**TASK TO CARRY OUT**
Write out each record exactly as given, but do not include the pictures.

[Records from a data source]
--------

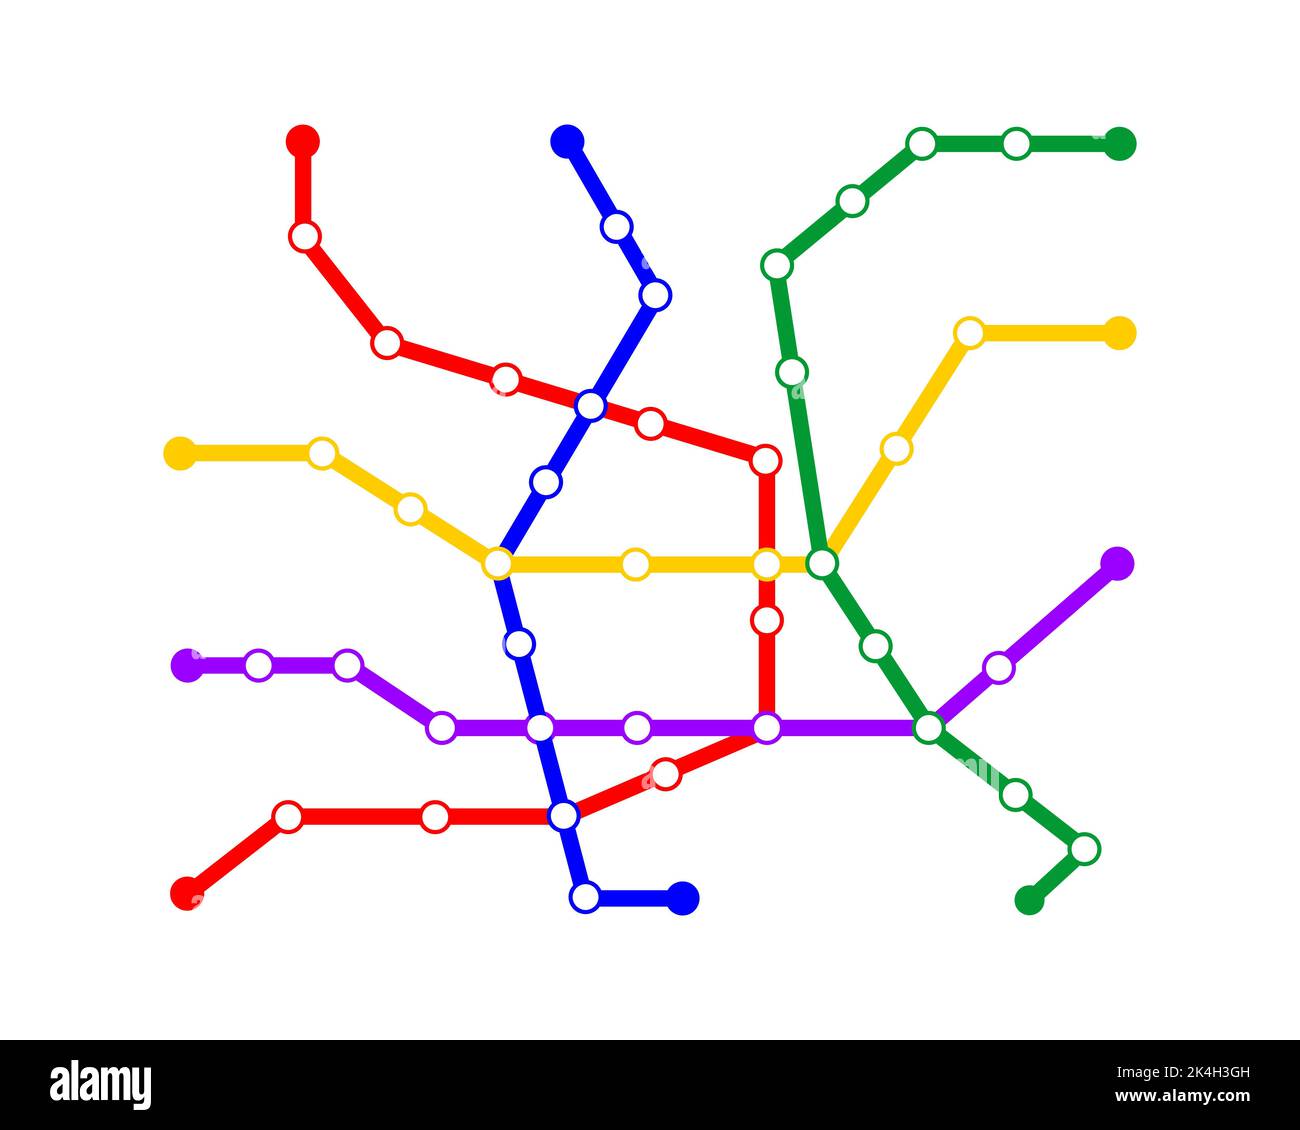 Modello mappa metropolitana. Schema della metropolitana con linee a 5 vie. Diagramma infografico della rete pubblica di trasporto rapido sotterraneo con stazioni isolate su sfondo bianco. Illustrazione vettoriale Illustrazione Vettoriale
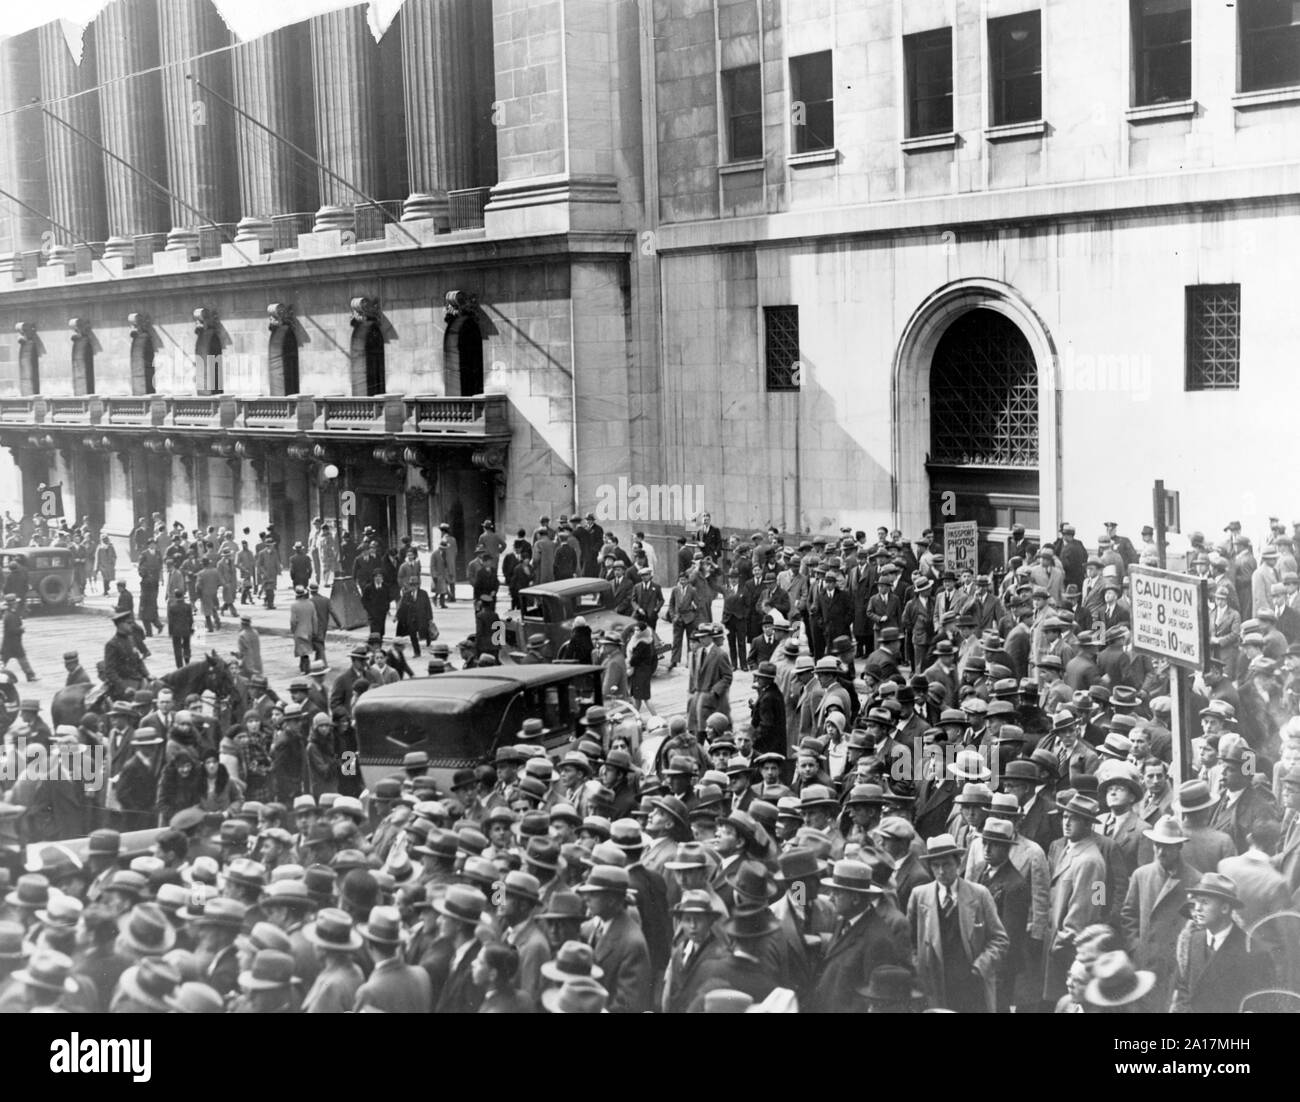 Multitud de personas se reúnen fuera de la Bolsa de Valores de Nueva York, tras el accidente de 1929. El Crash de Wall Street de 1929, también conocido como te crac bursátil de 1929 o el Gran Crash, fue una importante caída del mercado bursátil que se produjo a finales de octubre de 1929 Foto de stock
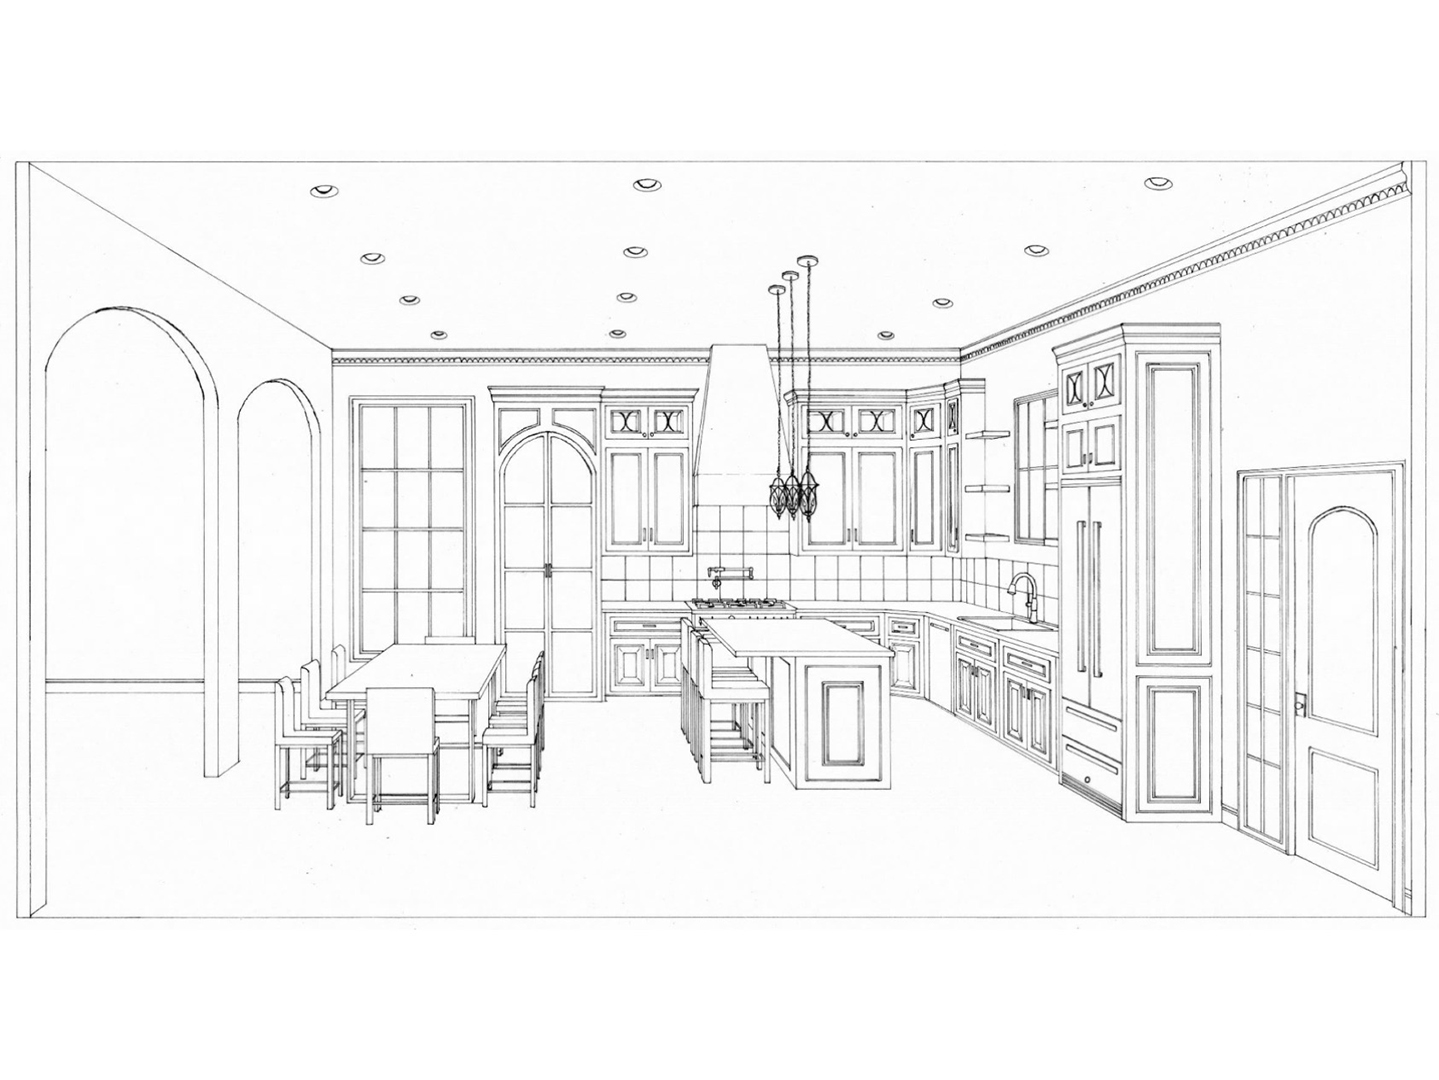 Sketch of a kitchen design
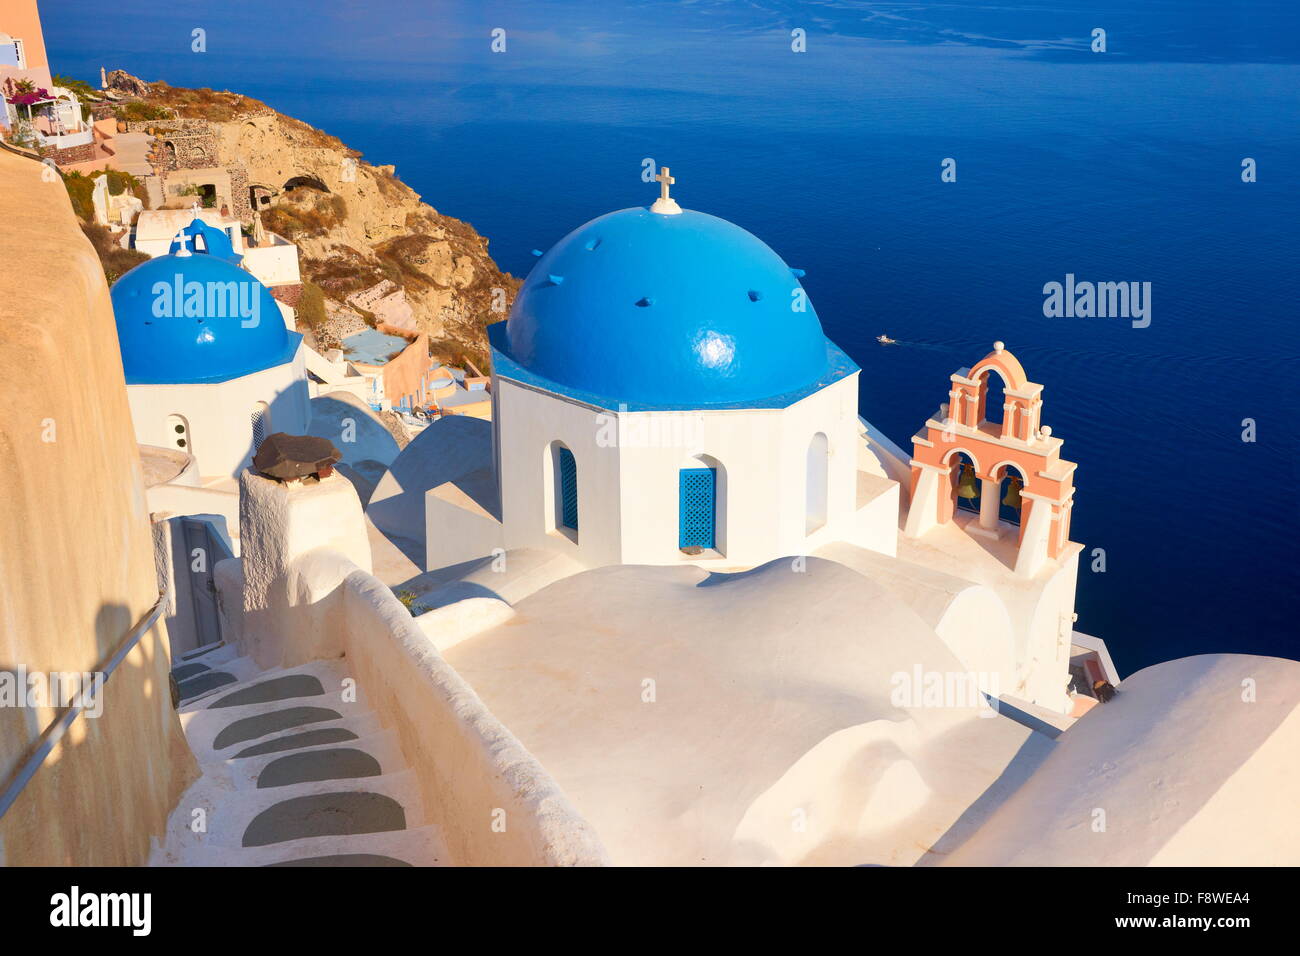 Popolari della caldera di Santorini paesaggio con greca chiesa bianca che si affaccia sul mare e la cittadina di Oia - Santorini Island, Grecia Foto Stock
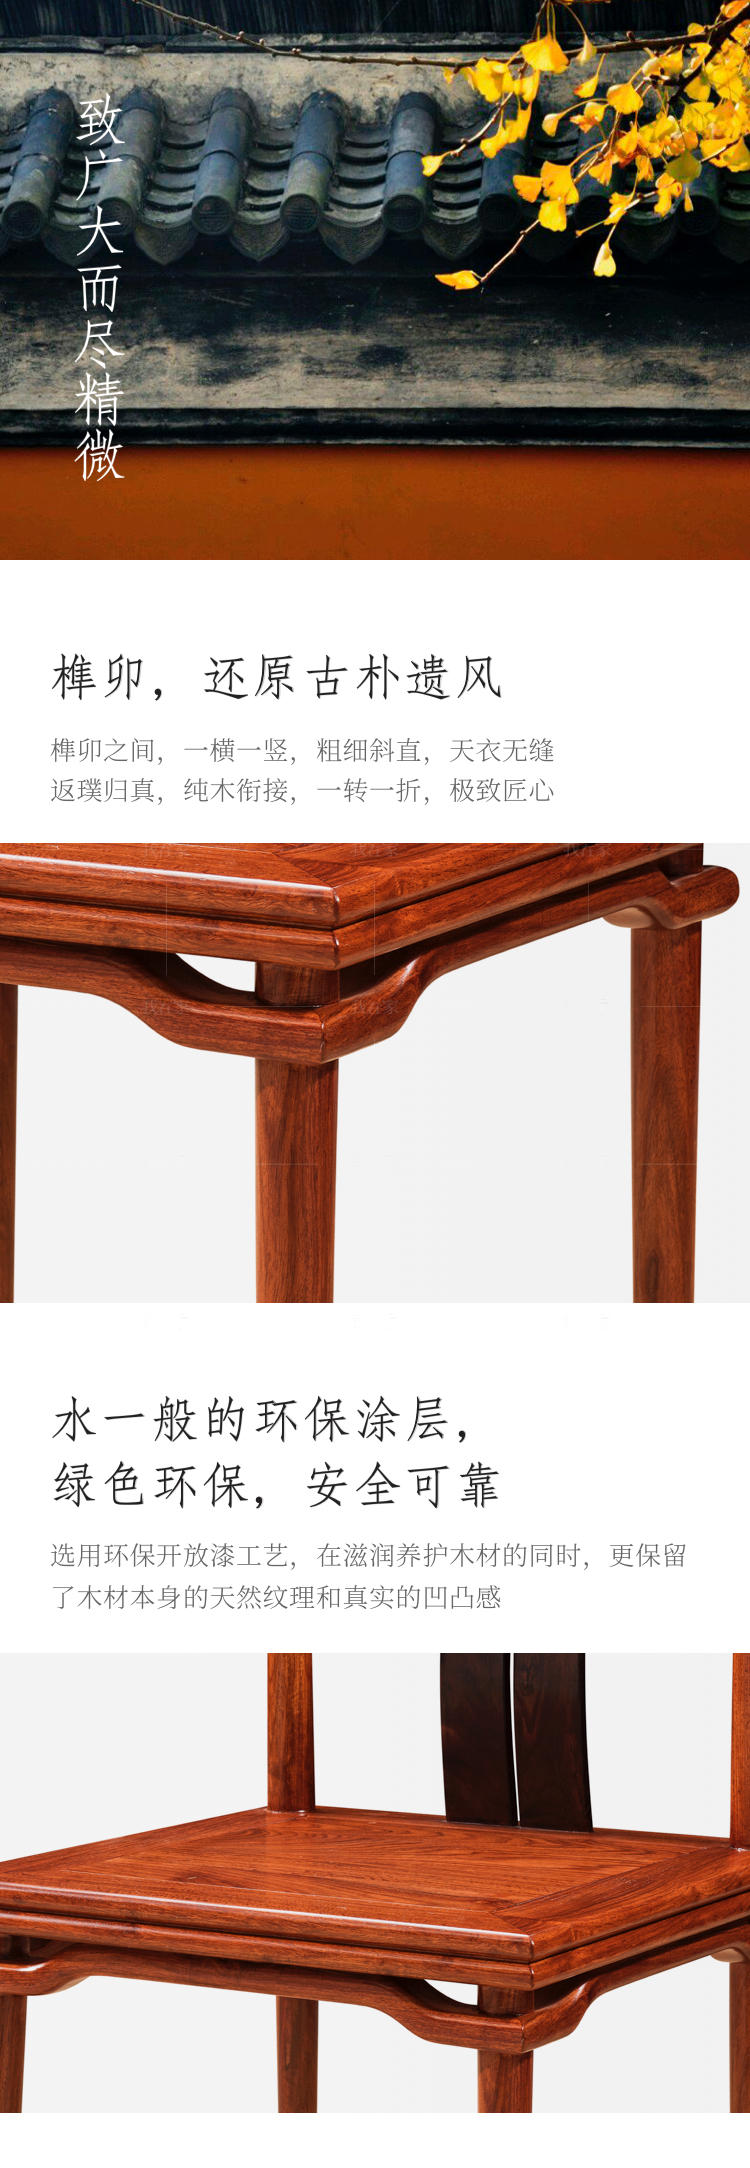 新古典中式风格梵语餐椅的家具详细介绍

--------

**RESULT OF THIS TASK**
 Modello mappa metropolitana. Schema della metropolitana con linee a 5 vie. Diagramma infografico della rete pubblica di trasporto rapido sotterraneo con stazioni isolate su sfondo bianco. Illustrazione vettoriale Illustrazione Vettoriale
 Multitud de personas se reúnen fuera de la Bolsa de Valores de Nueva York, tras el accidente de 1929. El Crash de Wall Street de 1929, también conocido como te crac bursátil de 1929 o el Gran Crash, fue una importante caída del mercado bursátil que se produjo a finales de octubre de 1929 Foto de stock
 Sketch of a kitchen design
 Popolari della caldera di Santorini paesaggio con greca chiesa bianca che si affaccia sul mare e la cittadina di Oia - Santorini Island, Grecia Foto Stock
 新古典中式风格梵语餐椅的家具详细介绍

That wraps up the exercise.